Legislation in the 1920s created quotas for immigration based on national origin, which placed severe restrictions on the total number of immigrants and favored northern and western European immigration. It was only with the civil rights movement of the 1960s that the national origin quota system was abolished and Congress fully removed the restriction favoring white immigrants.
I’m not offering these historical anecdotes to defame the history of the country. I’m not calling for Jefferson’s statue to be removed along with the Confederate memorials. I do, however, think it is essential that we recognize that the white nationalist history embedded in American culture lends itself to white nationalist rallies like the one in Charlottesville. If you want to preserve Confederate memorials, but you don’t work to build monuments to historical black leaders, you share the same cause as the marchers.
Until Tuesday I believed the organizers of the rally had failed in their goal to make their movement more appealing to average white Americans. The rally superimposed Jefferson’s image on that of a pseudo K.K.K. rally and brought the overlap between Jefferson and white nationalist ideas to mind for anyone looking to find them. But the horrific violence that followed seemed to hurt their cause.
And then President Trump intervened. His comments supporting the rally gave new purpose to the white nationalist movement, unlike any endorsement it has ever received. Among its followers, being at that rally will become something to brag about, and some people who didn’t want to be associated with extremism will now see the cause as more mainstream. When the president doesn’t provide condemnation that he has been pressed to give, what message does that send but encouragement?

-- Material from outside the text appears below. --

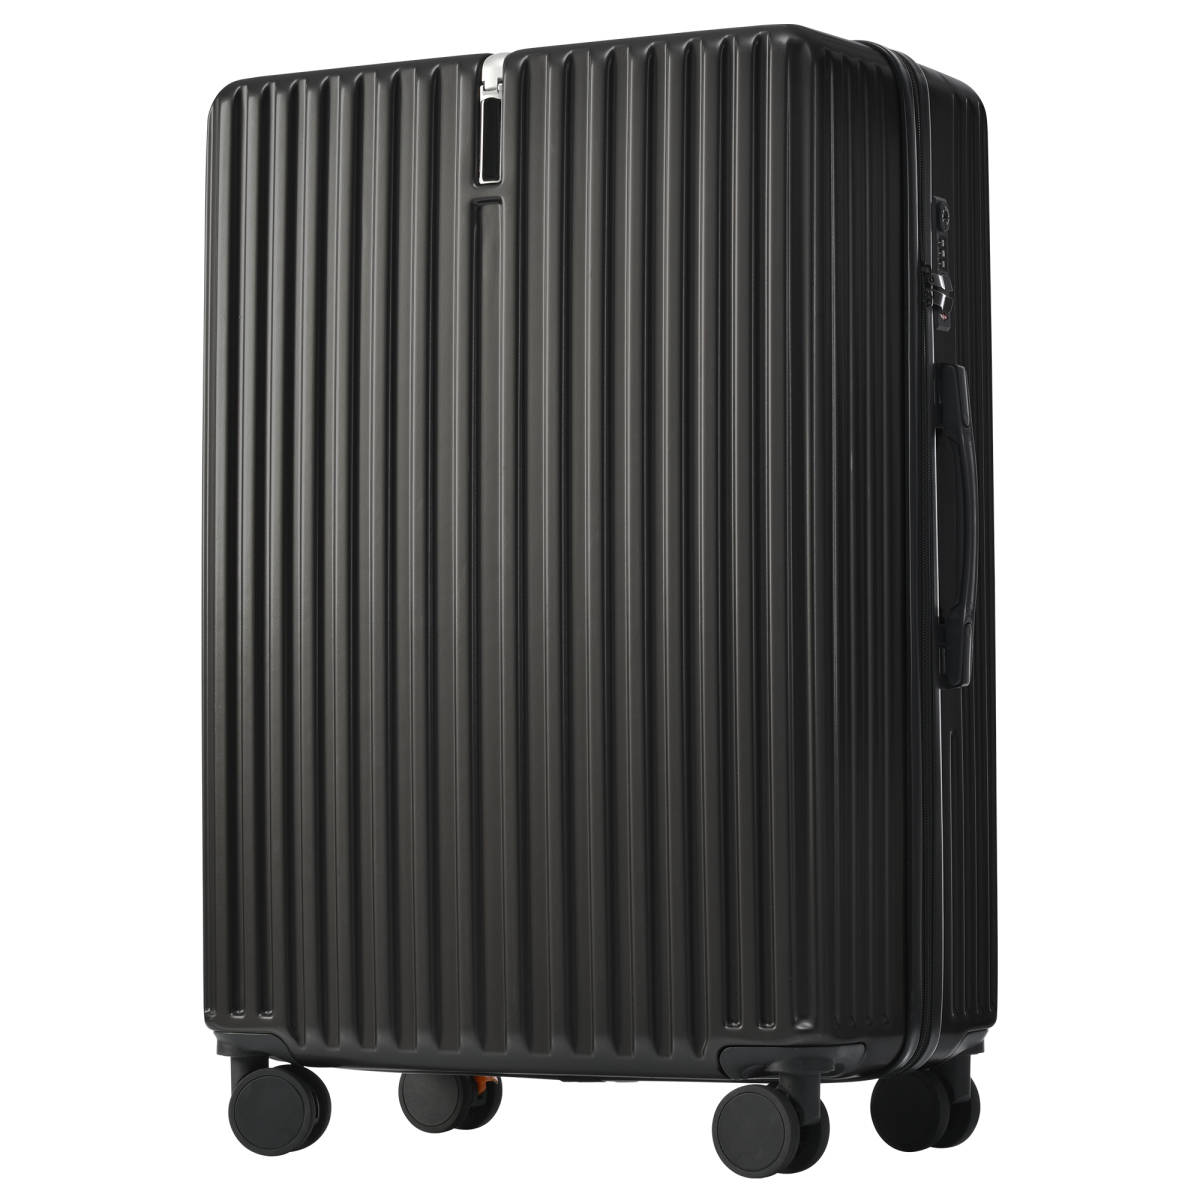 スーツケース Lサイズ 軽量 TSAロック搭載 360度回転 ファスナー式 国際的 おしゃれ 人気色 (L, ブラック)_画像1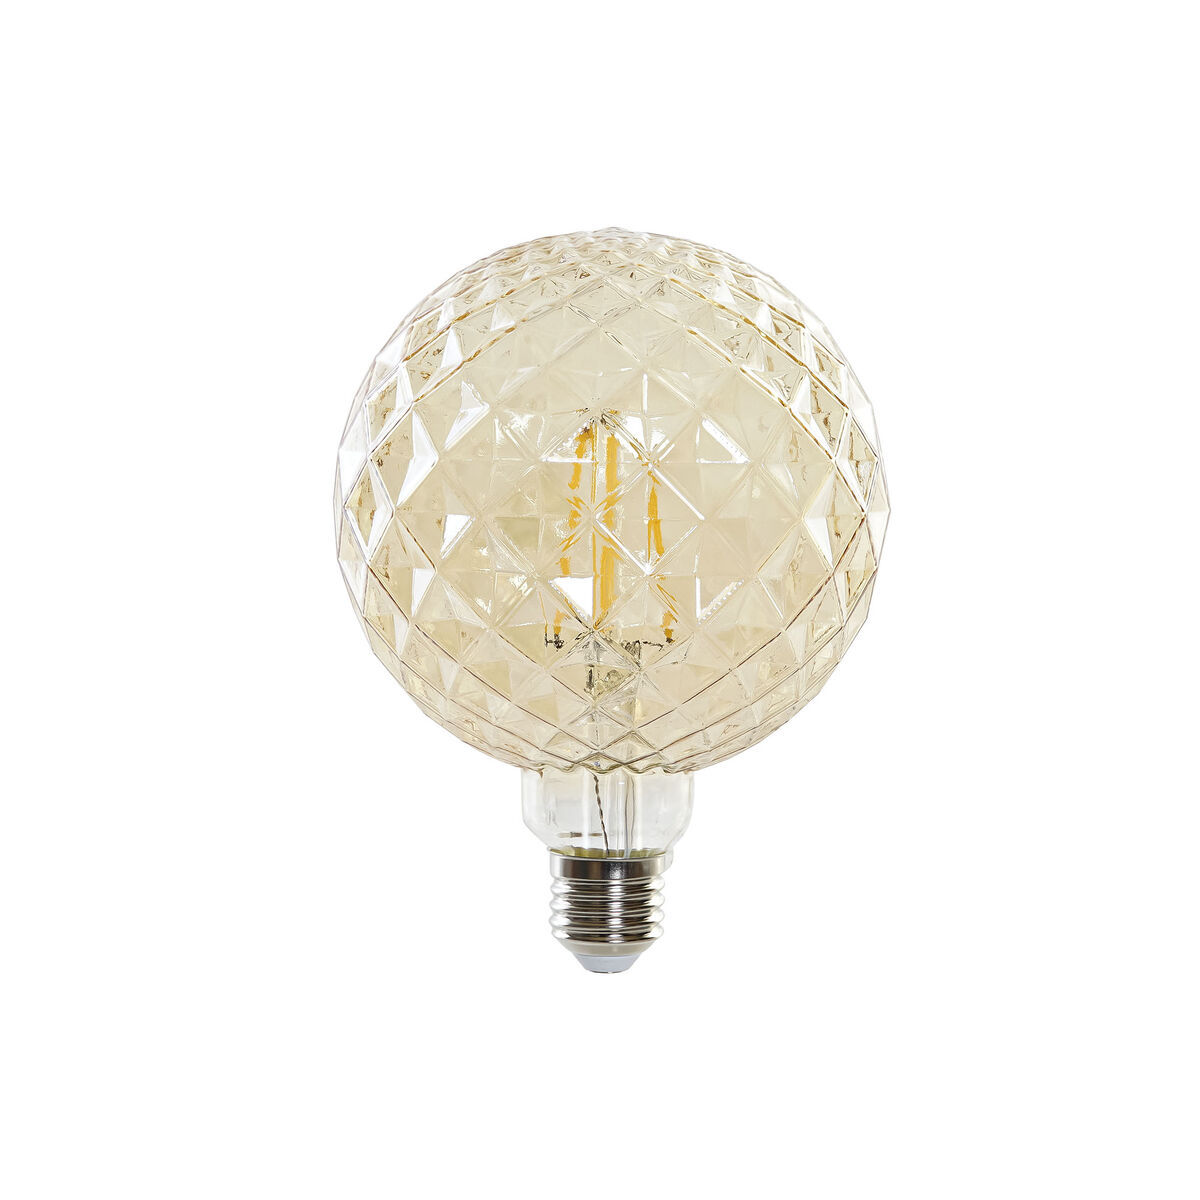 LED Лампа със Сензор за Движение InnovaGoods

The United States was founded as a white nationalist country, and that legacy remains today. Things have improved from the radical promotion of white people at the expense of all others, which has persisted for most of our history, yet most of us have not accepted the extent to which white identity guides so much of what we still do. Sometimes it seems that the white nationalists are most honest about the very real foundation of white supremacy upon which our nation was built.
The president’s words legitimized the worst of our country, and now the white nationalist movement could be poised to grow. To challenge these messages, we need to acknowledge the continuity of white nationalist thought in American history, and the appeal it still holds.
It is a fringe movement not because its ideas are completely alien to our culture, but because we work constantly to argue against it, expose its inconsistencies and persuade our citizens to counter it. We can no longer count on the country’s leader to do this, so it’s now incumbent upon all of us.